Yukoners living with dementia and their caregivers are supported in multiple programs and in different ways throughout the territory. These include:
- A branch within the Yukon government dedicated to supporting older adults, including those with dementia: The Seniors Services and Adult Protection branch.
- Specialist physician services (e.g. neurology and geriatric psychiatry) available by referral to assist in diagnosis and care management for people living with dementia.
- The Caregivers Support Group. This group is based on a Mutual Aid model, meaning those who attend will learn from other group members who are caring for someone facing the illness.
- Online resources available through the Health and Social Services (HSS) Department, including a list of private caregivers willing to support individuals with dementia in their homes.
Health and Social Services is planning a public education series on dementia in the new year. The series is co-funded by the Centre for Aging and Brain Health Innovation and is entitled “Spark: Shine a Light on Dementia.” It is a five-part series primarily intended for caregivers of people with dementia. Further information on the series will be available in January.

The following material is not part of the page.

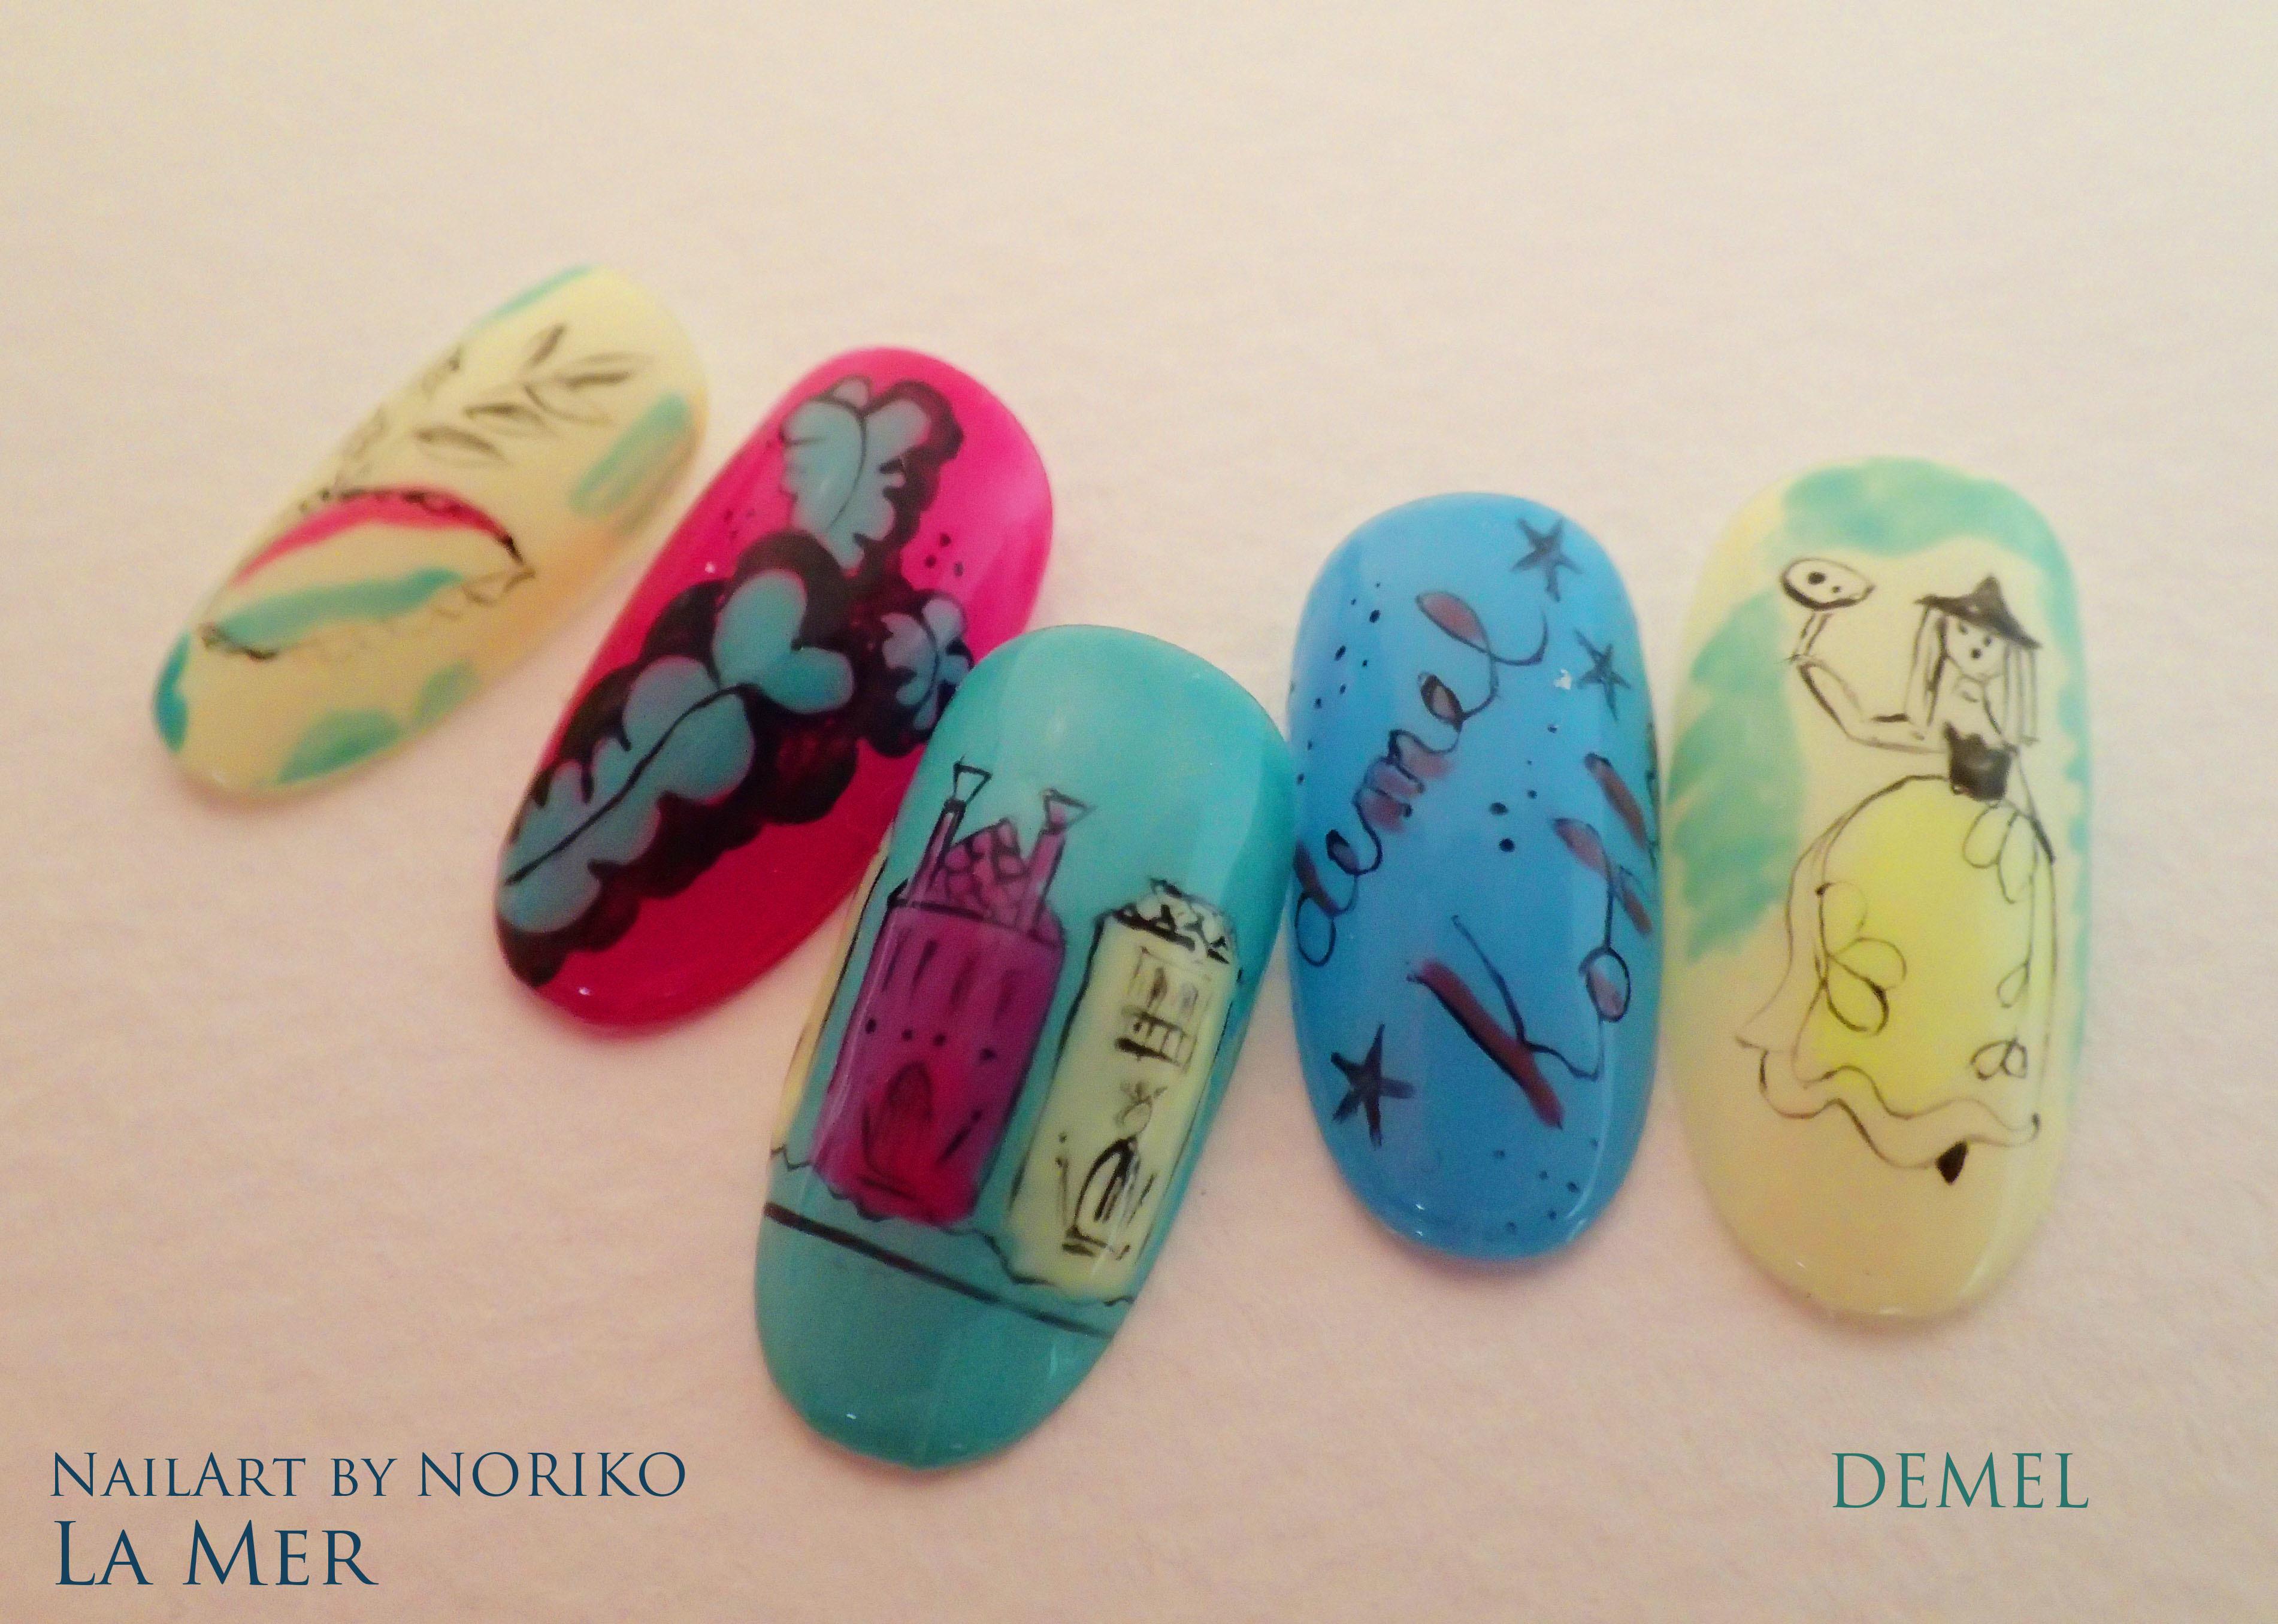 Nail Artist NORIKO demel 9

Considering the increasing number of older Canadians, is an increase in levels of dementia inevitable?
As mentioned, one of the three objectives of the National Dementia Strategy is to prevent dementia. There is growing scientific evidence that healthy living from an early age may prevent dementia and delay its onset.
Dr. Reagan Gale said, “ Research is clear that the same behaviours that contribute to chronic health conditions like diabetes and high blood pressure also significantly raise the risk of developing dementia. A study published in the Lancet in 2017 estimated that 1 in 3 cases of dementia could be prevented by making lifestyle changes earlier in life. Behaviour changes like stopping smoking (including cannabinoids as well as tobacco), limiting alcohol intake, and managing high blood pressure will help reduce the risk of developing dementia.”
Evidence also suggests that higher levels of education may improve the brain’s ability to resist, offset and cope with damage and decline. Much more research needs to be done to solidify the information on preventative measures for dementia.